I'll focus on our Type 2 audit since it's significantly more involved.

Our Type 2 kicked off immediately at the close of our Type 1 and ran for a three-month observation period (3-6 months is typical for a first audit while later audits are typically 12 months to ensure continuous compliance). Throughout that window, auditors continuously review the controls and monitor systems. This is where continuous monitoring pays off — a lot of that work can happen automatically in the background.

Near the end of the audit, it's common to receive requests for additional evidence on controls that weren't fully satisfied or simply needed more context. We found this the most demanding phase: several weeks of back-and-forth, tracking down evidence, and submitting it to the auditing team. This is normal for a first audit. Both sides are learning — the auditors are getting familiar with your company and its nuances, and you're figuring out what types of evidence actually satisfy a given control.

One thing I'd emphasize: the relationship with your auditors matters more than most people expect. We spent hours on calls to ensure both sides had a clear, shared understanding of the requirements. Treat it as a collaborative process. The first audit is a learning experience for everyone involved, and the more openly you communicate, the faster it moves.

Once all evidence is submitted and every follow-up is resolved, the auditors draft your report — typically around a month from when you provide your final piece of evidence. A full Type 2 report often runs 50+ pages. After both sides have reviewed and signed off, you receive your SOC 2 certification and a report you can share directly with customers.

What We'd Tell Anyone Starting This Process

SOC 2 is one of the more demanding operational milestones for an early-stage company.
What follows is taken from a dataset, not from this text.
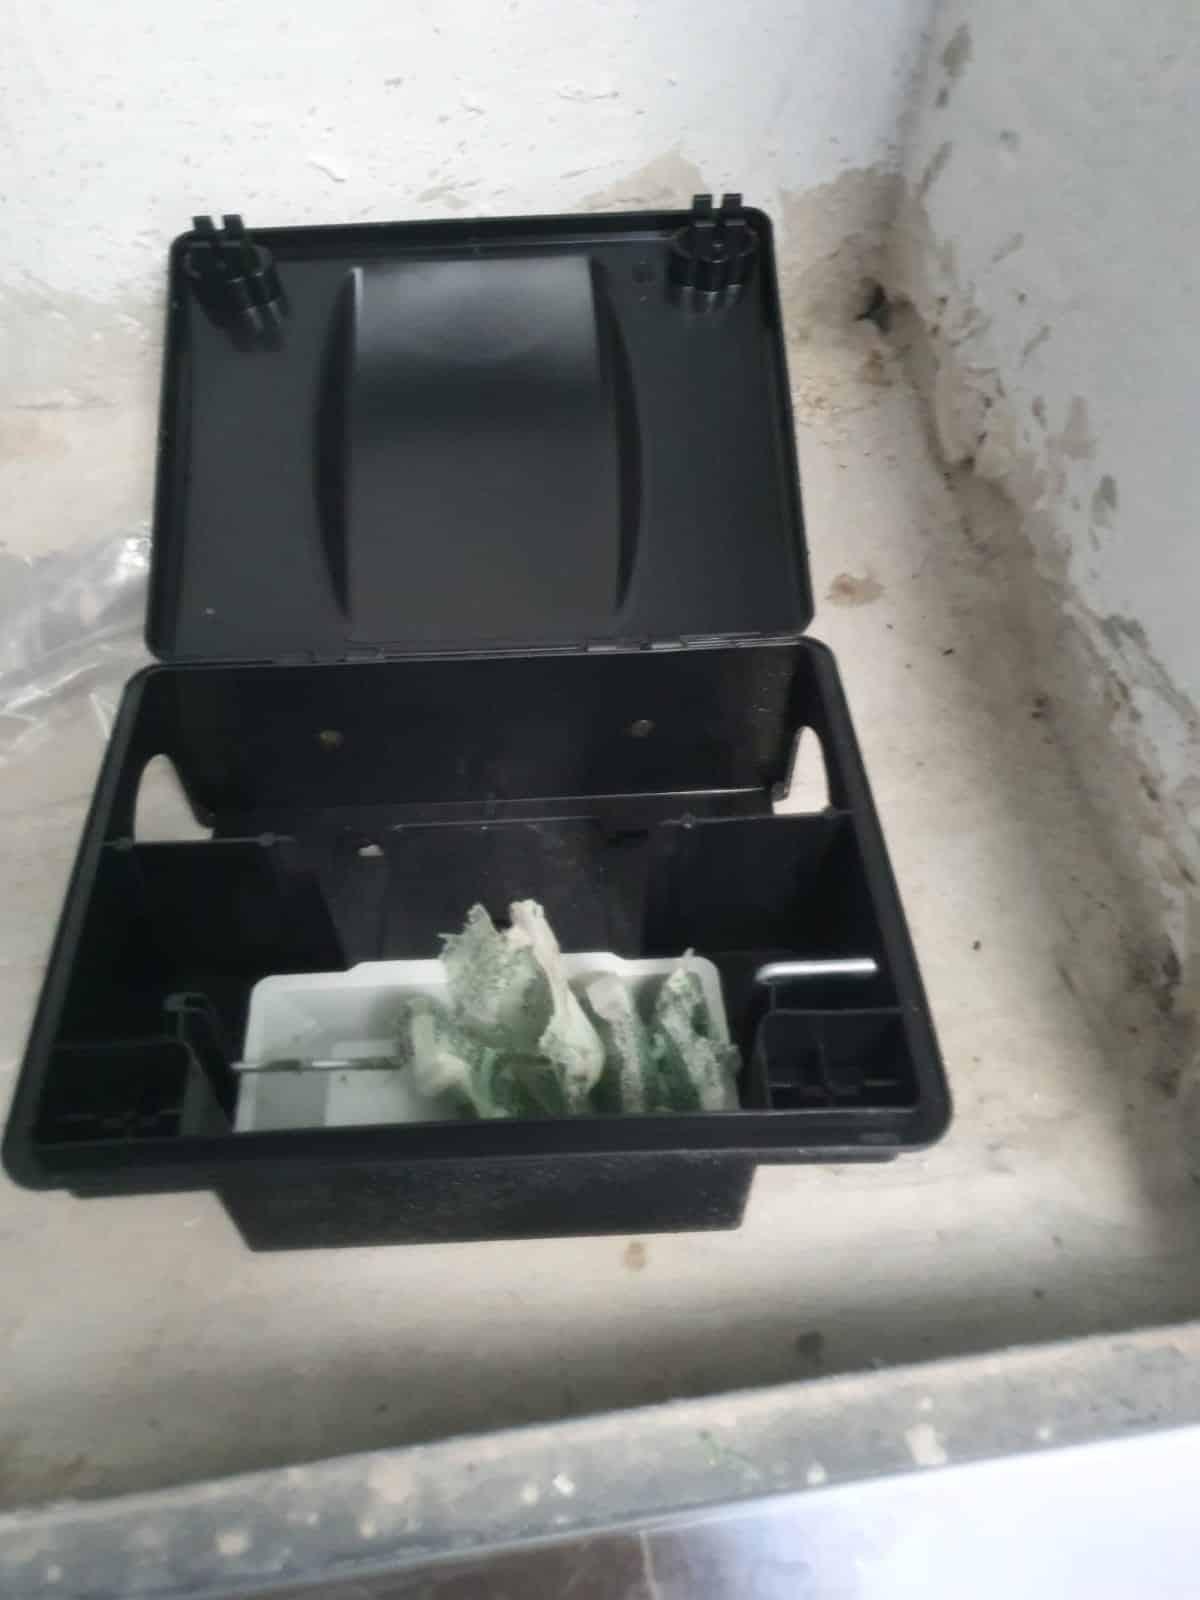 לוכד עכברים - לכידת עכברים בעזרת תיבת האכלה
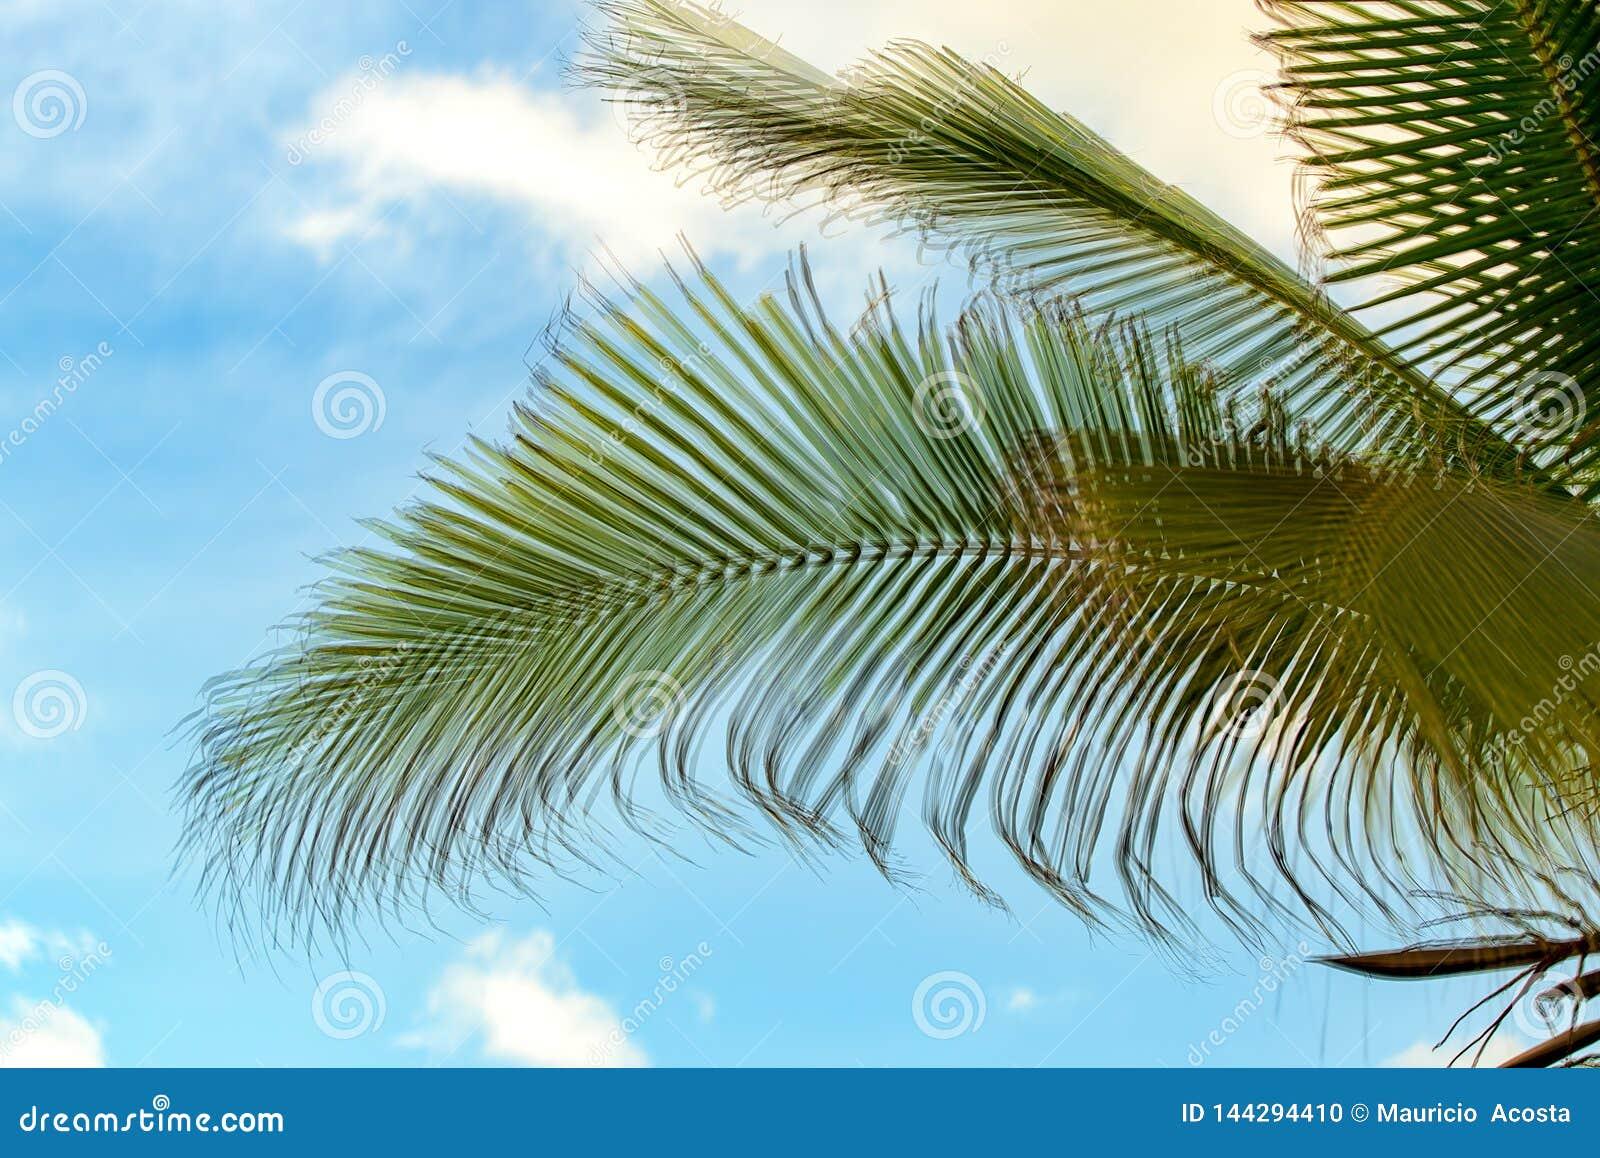 Foglie della palma contro il cielo blu

It's also entirely manageable with the right preparation. A few things we'd do the same way again:

Invest in a compliance platform early. It's the foundation everything else is built on. The difference between a spreadsheet-based approach and a proper platform isn't marginal — it's structural.

Start your readiness assessment well before you begin the audit. Every gap you find and fix before the observation period begins is one less piece of back-and-forth during it.

Build a relationship with your auditors from day one. They're not adversaries. The more aligned you are on expectations, the smoother the whole process goes.

Plan for the first audit to take longer than you think. Budget time for the back-and-forth at the end. It's normal, and it won't be as intense the second time around.

Getting SOC 2 certified is worth it, not just because enterprise customers require it, but because the process of building toward it forces you to take data protection seriously in ways that matter. We're glad we did it early and didn't cut corners.

What This Means for Sandstone's Customers

The reason we pursued SOC 2 wasn't only to unblock enterprise deals — it was to be worthy of handling the data our customers trust us with. In-house legal teams and legal operations leaders work with some of the most sensitive information in any organization: contract terms, negotiation positions, M&A communications, regulatory exposure. That data deserves rigorous protection.

A few commitments worth stating directly: Sandstone never uses customer data to train AI models. We maintain zero data retention agreements with our underlying AI providers, meaning your data isn't persisted or shared beyond what's required to deliver the product. All data is encrypted in transit and at rest. And our SOC 2 Type II certification means an independent third party has verified that these controls aren't just stated — they're operating.

Data privacy for in-house legal teams isn't a checkbox. It's a core part of sound information governance — and the baseline for earning a seat in the work. We took it seriously from day one because that's what this category demands.